When you live with your significant other, you get to frequently put into practice the cardinal rule of kindergarten: Share. Now, I've been living with my fiance for quite some time and believe I've got the basics down. But if you are currently living solo and getting ready to move in with your spouse-to-be, take note that the slight nuances of sharing aren't always so clear.
Take Facebook, for example. Your Facebook account is clearly something you probably want to keep separate.
Fiance and I were recently both looped into a discussion in Facebook between his brothers and sisters regarding what we would be doing for the holidays and when we could all get together. Fiance navigated to the social networking site to respond with what our plans entailed, but got sidetracked by the box in the upper right hand corner of the home page that suggests other people you may know and desire to add as Facebook friends.

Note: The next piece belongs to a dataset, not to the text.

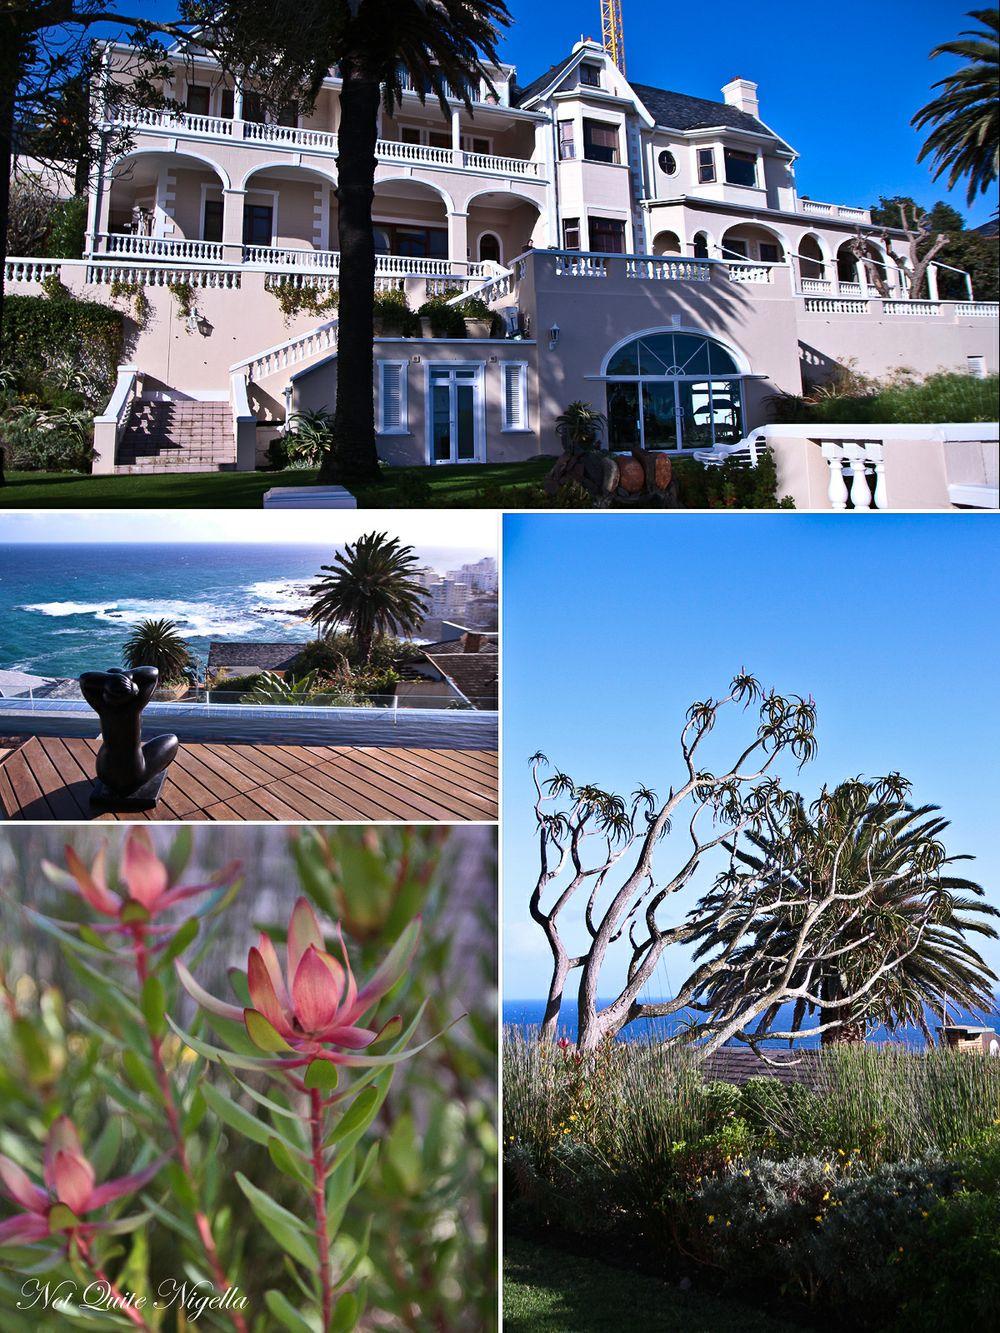 The Cape Escape: Cape Town, South Africa
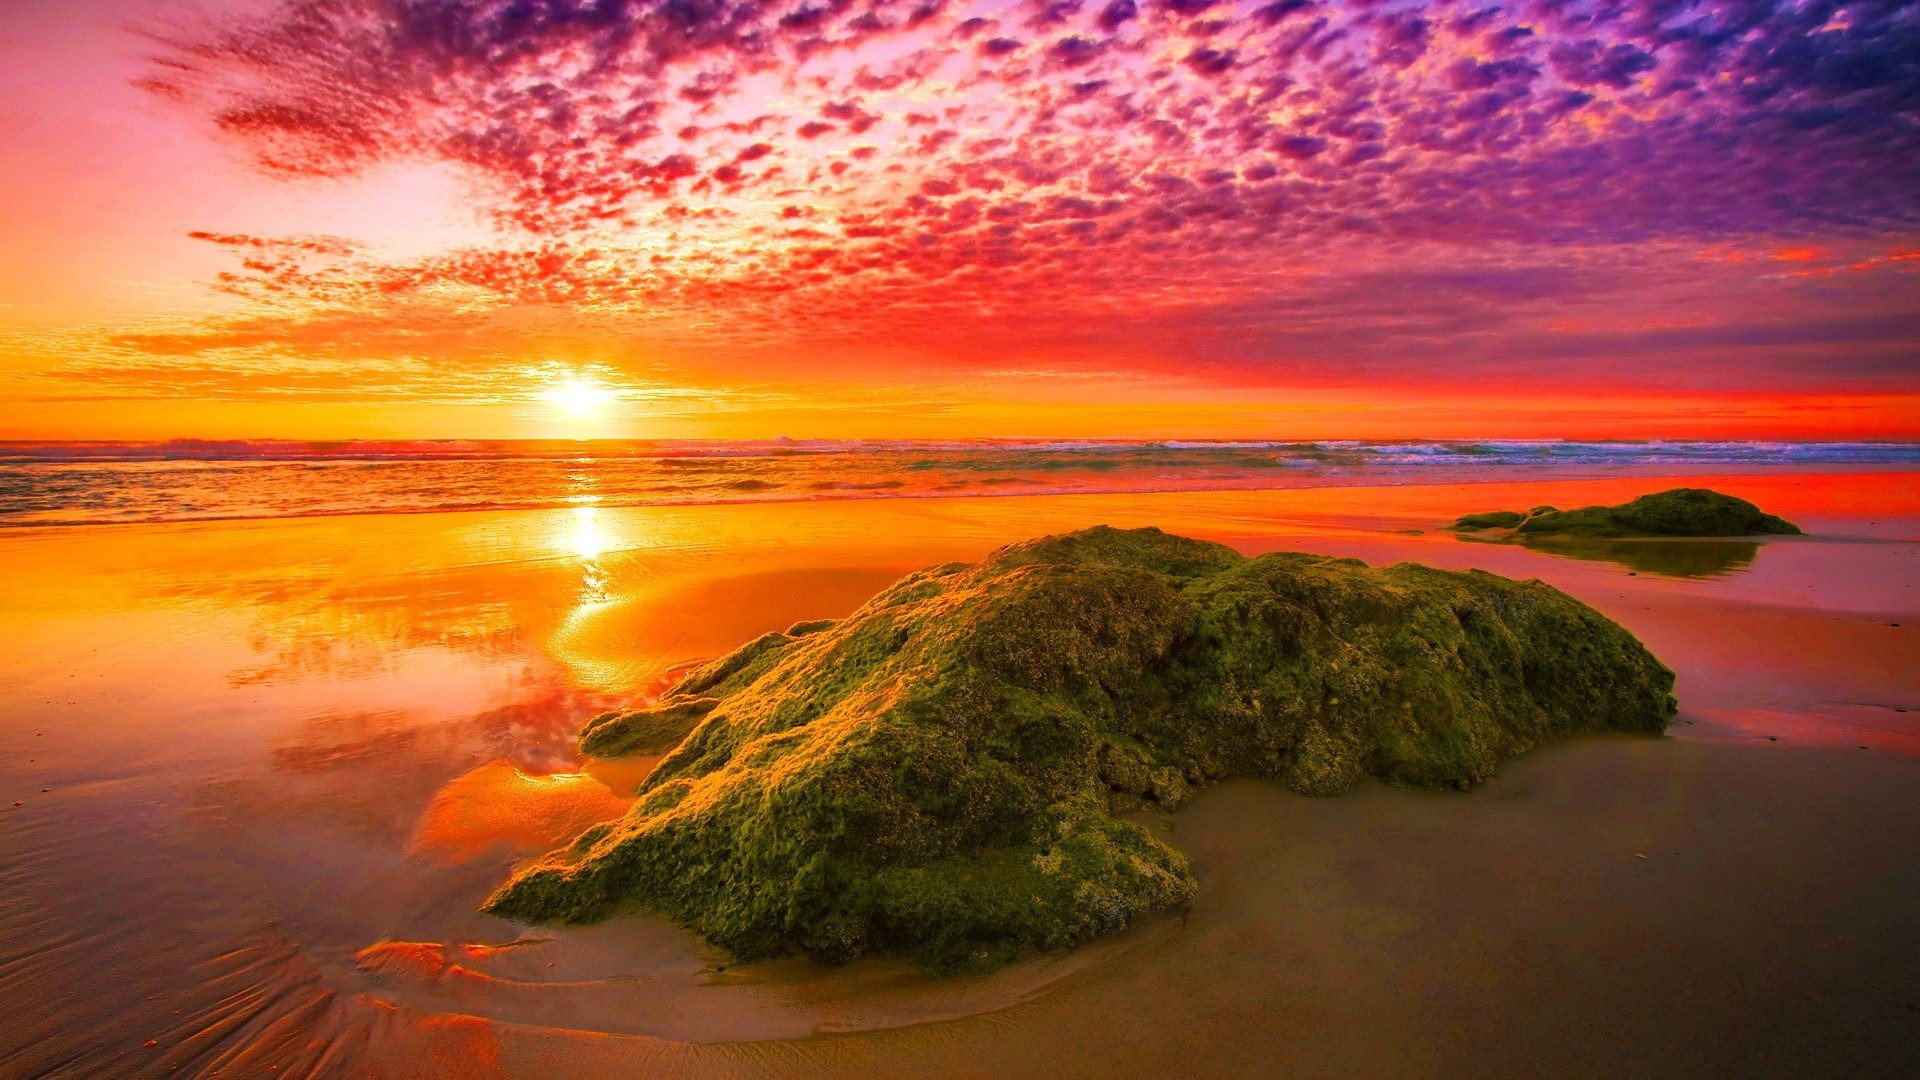 Sunset – Amazing Sunset Light Sunlight Fiery Sea Rocks Sky Nice Sand Nature  Reflection Lovely Beautiful

The first person listed was his brother.
"That's funny," Fiance said to himself. "I could have sworn I was already friends with him."
He clicked the "Add Friend" button and moved on to the second person in the list: his sister's husband.
"Huh," said Fiance. "I thought I was friends with him too." So he added his brother-in-law as well.
Facebook then suggested he may wish to friend one of his coworkers. Fiance obliged.
Fiance continued in this manner, friending five of six more individuals he believed he was already Facebook friends with.
When he finally felt tapped out on adding friends for the day, he moved on to responding to his family regarding our plans for the holidays. He typed out a short message, hit "reply all," and then saw his message appear on the list - with my name and image. With a sinking feeling, Fiance realized the source of all of his Facebook-friend-deja vu and what he had done.
Apparently, I was the last person to use the laptop and left my Facebook account logged in. Fiance had been sending friend requests to people that, yes, were already his Facebook friends, but whom I maybe have met once or twice (with the exception of certain members of his family) and therefore not quite in the realm of proper Facebook friendship. Other Facebook users will certainly understand and relate to this breach of etiquette.
So the lesson of the day is ALWAYS log out of your personal accounts on a shared computer. The end result wasn't too detrimental, I suppose. Everyone he/I "friended" accepted my request. So at least they don't all think I'm a total weirdo, and I gained some additional Facebook clout.
I learned that the word "friended" is actually a real verb because spell checker didn't pick it up. "Friending" too! Who knew?